Così come accadeva nella ricerca sull’hackeraggio di una Jeep, la possibilità che un intruso possa controllare in remoto un’auto in movimento dovrebbe preoccupare chiunque usi l’auto ogni giorno. Sebbene Tesla abbia risolto le vulnerabilità iniziali indicate da Keen Labs in una decina di giorni, i ricercatori non si sono adagiati sugli allori in vista della conferenza Black Hat di Las Vegas.
Sen Nie, Ling Liu e Yuefeng Du hanno rivelato sul palco di avere un altro asso nella manica, ovvero la presenza di vulnerabilità all’interno di Model X di Tesla. Hanno affermato di aver collaborato con la casa produttrice per risolvere le vulnerabilità; sebbene non abbiano fatto vedere in che modo fossero riusciti ad hackerare questo modello, hanno sì mostrato un video proof of concept, sottolineando le vulnerabilità che hanno concesso loro di manomettere l’auto in movimento, aprire le portiere e il portabagagli in remoto e di fare qualche giochetto con le luci.

Chiunque segua Tesla da vicino sa che la compagnia prende molto sul serio il tema sicurezza. A luglio Elon Musk, CEO di Tesla, ha confessato che uno dei suoi timori più grandi è che qualcuno riesca ad hackerare le auto senza guidatore della compagnia:
“Dobbiamo essere assolutamente sicuri che sia praticamente impossibile da attuare un hackeraggio su vasta scala della nostra flotta e che se una persona si trova in una delle nostre auto abbia il totale controllo del veicolo.

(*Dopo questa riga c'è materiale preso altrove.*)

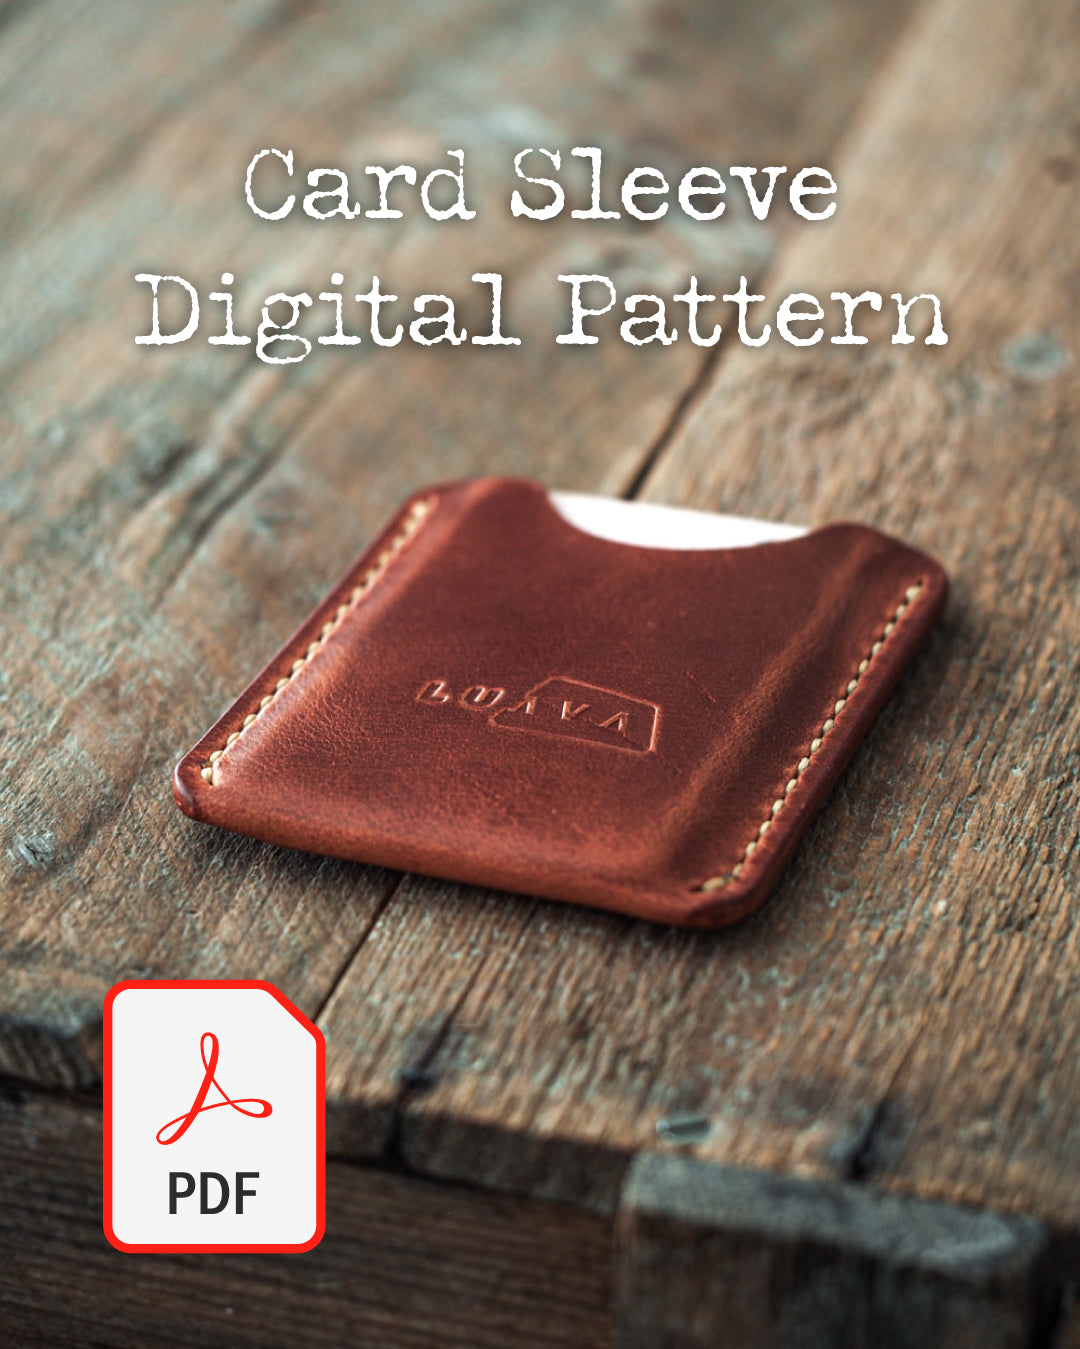 Digital wallet pattern by Luava - handmade leather card sleeve

Se qualcosa non va, dobbiamo fare in modo il guidatore schiacciando un tasto eviti che i software prendano il controllo della guida, che abbia pieno controllo della vettura e che sia interrotto qualsiasi contatto con i server”.
La sicurezza deve evolversi e seguire i progressi tecnologici dell’industria automobilistica. Consigliamo a chiunque possieda un modello Tesla o qualsiasi altra auto moderna di mantersi informato sugli aggiornamenti di sicurezza riguardanti i propri veicoli.
Ovviamente Tesla non è l’unica azienda del settore a essere stata hackerata. Le automobili di oggi sono sempre più connesse a Internet, con la conseguente necessità di aggiungere sempre più parti elettroniche e ciò aumenta la probabilità di hackerare le auto in remoto. Le auto moderne devono essere sviluppate avendo come priorità la sicurezza informatica e solo dei professionisti del settore possono occuparsene.